I've never seen a Dwarf army that did well without ranged weaponry. Gunners, Quarrelers and War Machines are, IMHO, necessary to a well rounded Dwarf army. The Gyrocopter is a favorite, as it actually helps to ensure that the ranged abilities of the army get the opportunity to operate at max potential. Miners are always an excellent choice, simply due to their reserve ability and hitting power. The true theme of an army, and what will ultimately define the armies tactical plan, is set the moment the characters for the army are chosen. I've seen very cool and competitive lists using the Dwarf Lord, the Anvil/Runesmith, and simply using multiple Thanes and multiple Engineers with a Master Engineer.
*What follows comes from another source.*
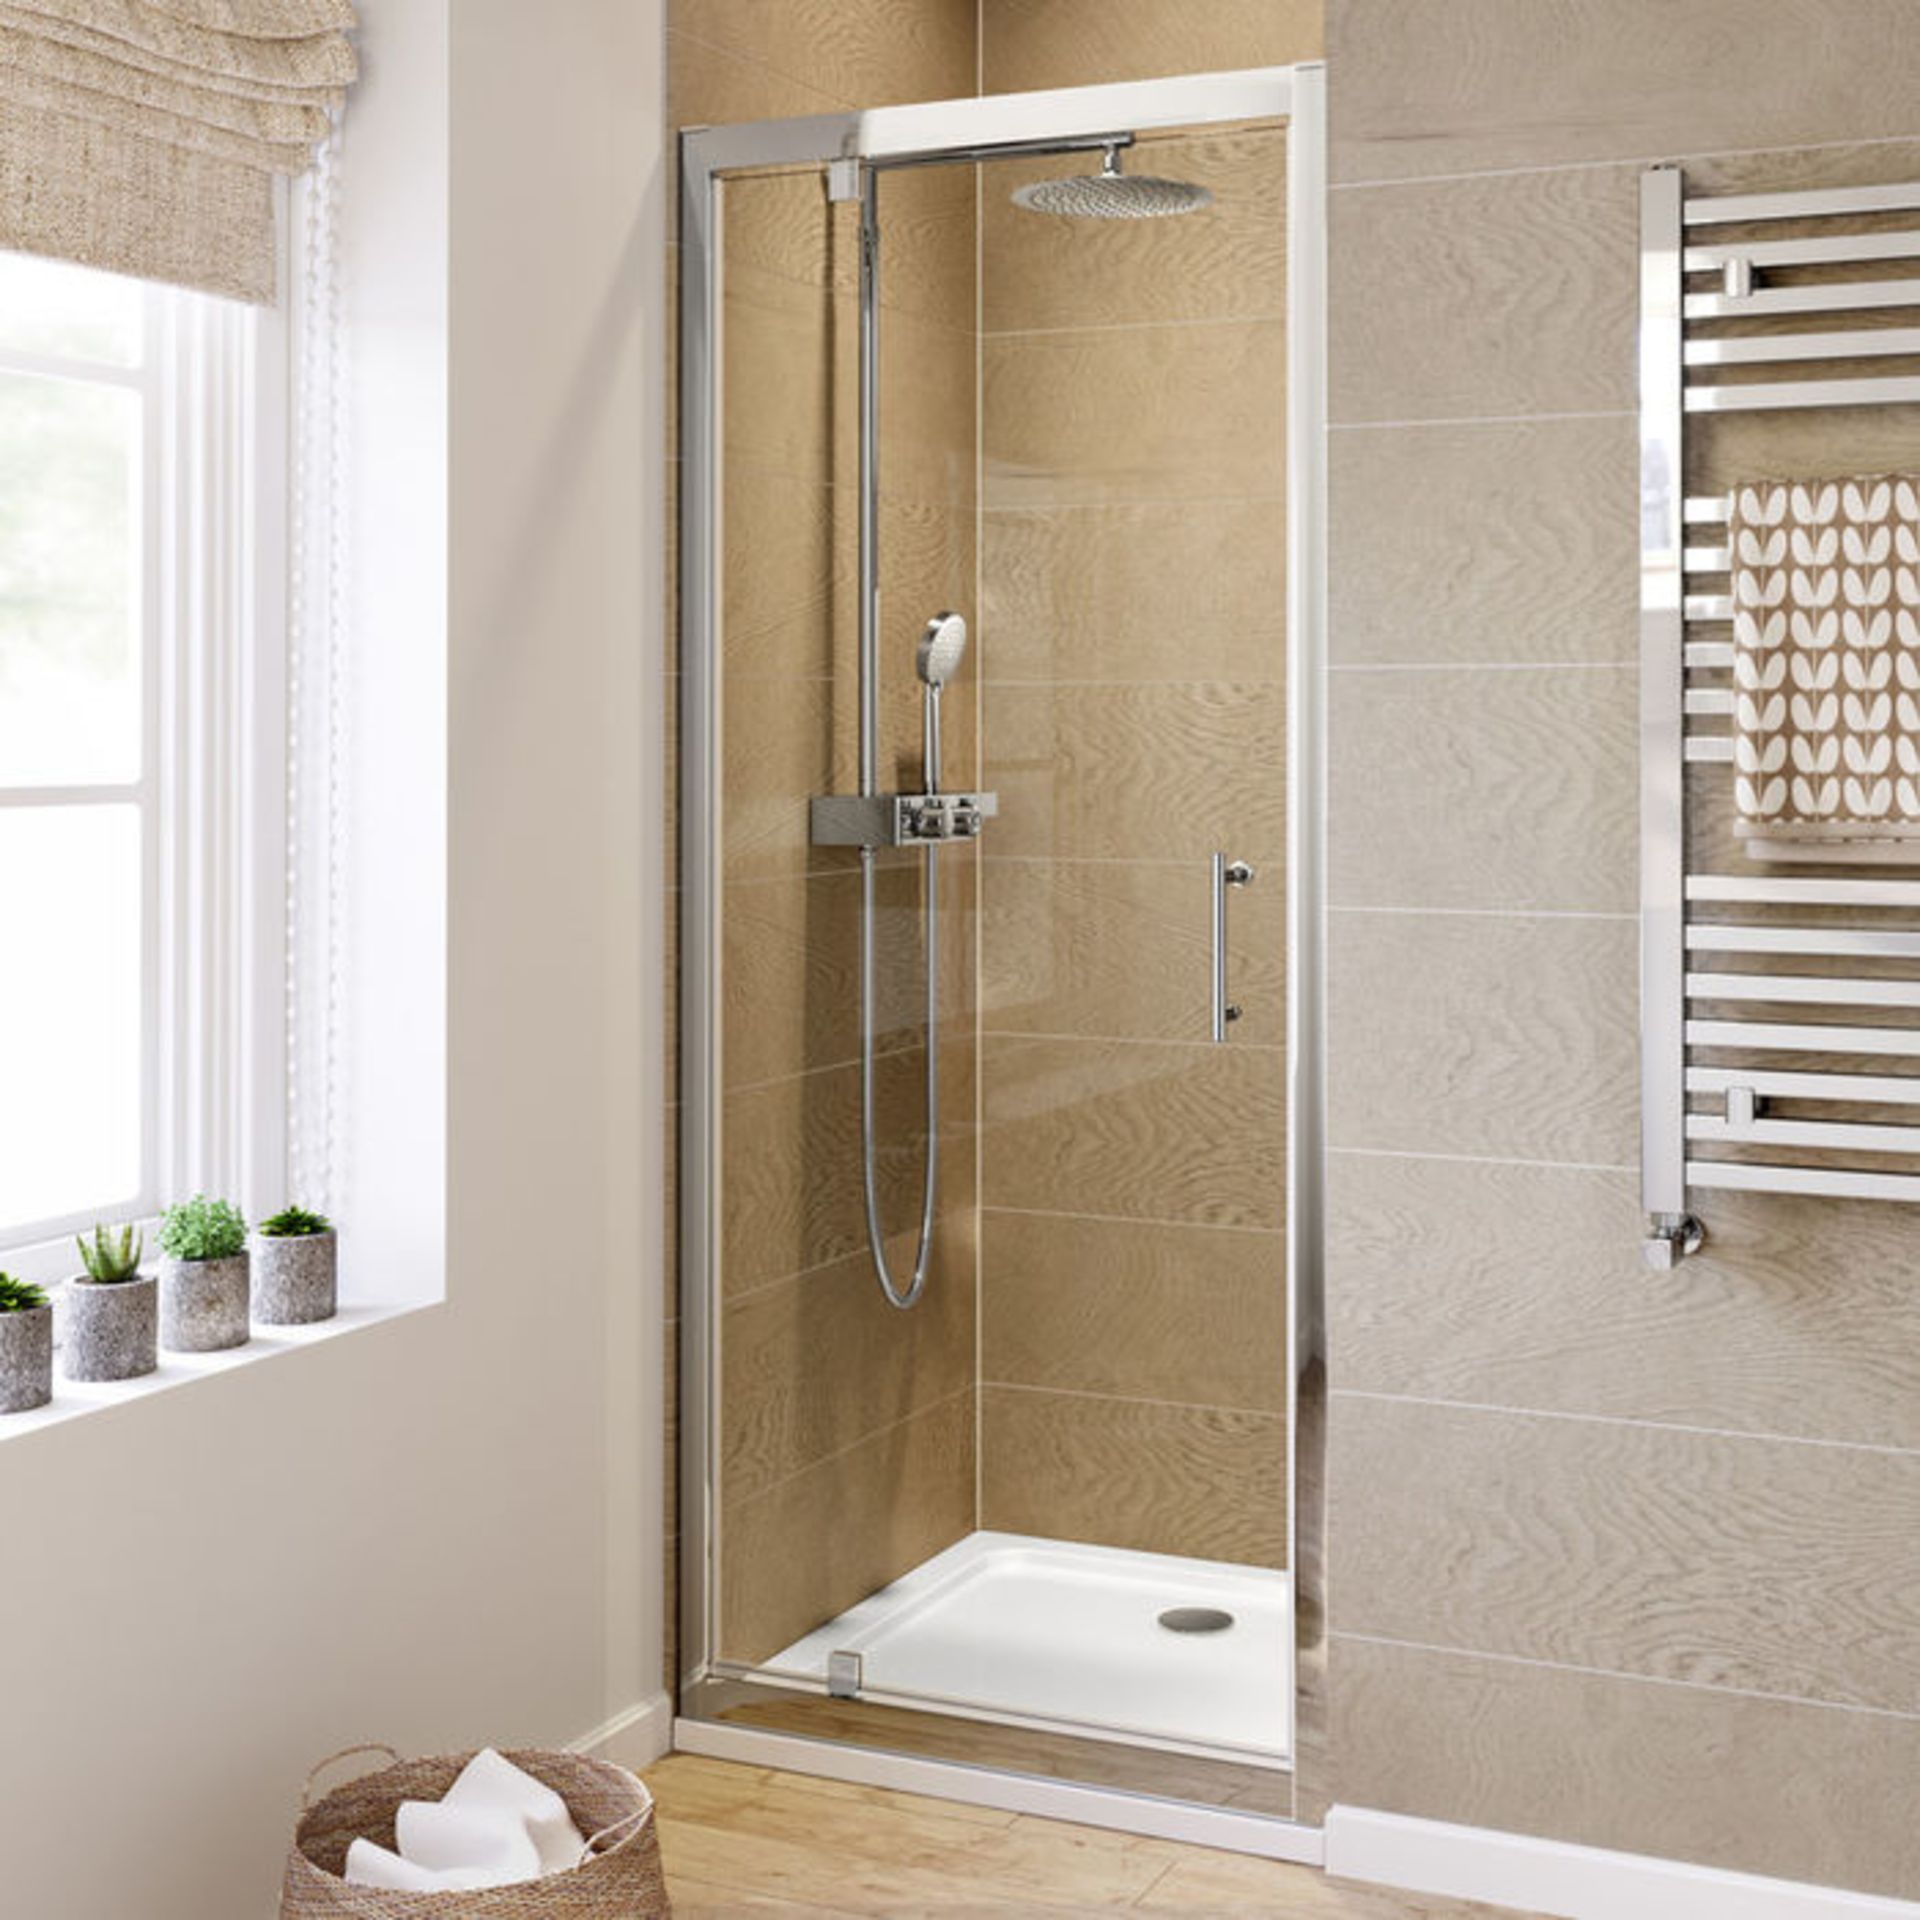 (EW208) 760mm 6mm - Elements Pivot Shower Door. RRP £299.99. 6mm Safety Glass Fully waterproof - Image 5 of 9

I'm still not sure which setup I prefer...


----------



## Frodo

I guess that is kinda what you get with dwarves, one of the most powerful armies but without much tactical felxibility.


----------



## mgtymouze

The Anvil of Doom (with or without Thorek Ironbrow) is a good choice for being either offensive or defensive. Use the rune of wrath and ruin to hit a unit and steal half their movement or the rune of Oath and Honor to give a freindly unit a "free move" in the shooting phase. If you use ancient power with these then you affect D3 units. If I don't take an anvil I will take a unit of hammerers with a lord to make them immune to fear and terror on top of being stubborn. Rangers are also good to sucker a unit into charging to be set up for a counter charge or at a minimum denying an enemy unit the ability to march.


----------



## The Son of Horus

I've seen Dwarf armies that don't have a single gun in them do some serious damage-- Ironbreakers, Hammerers, Longbeards, and Slayers are all downright mean in close combat, and the basic Dwarf Warrior isn't a slouch either, if only because he's WS4, T4, and has a 3+ armor save when fighting to the front with a hand weapon and shield.


----------



## Frodo

yeah, take that with some big guns to smash em up a bit first and youre nigh undefeatable.


----------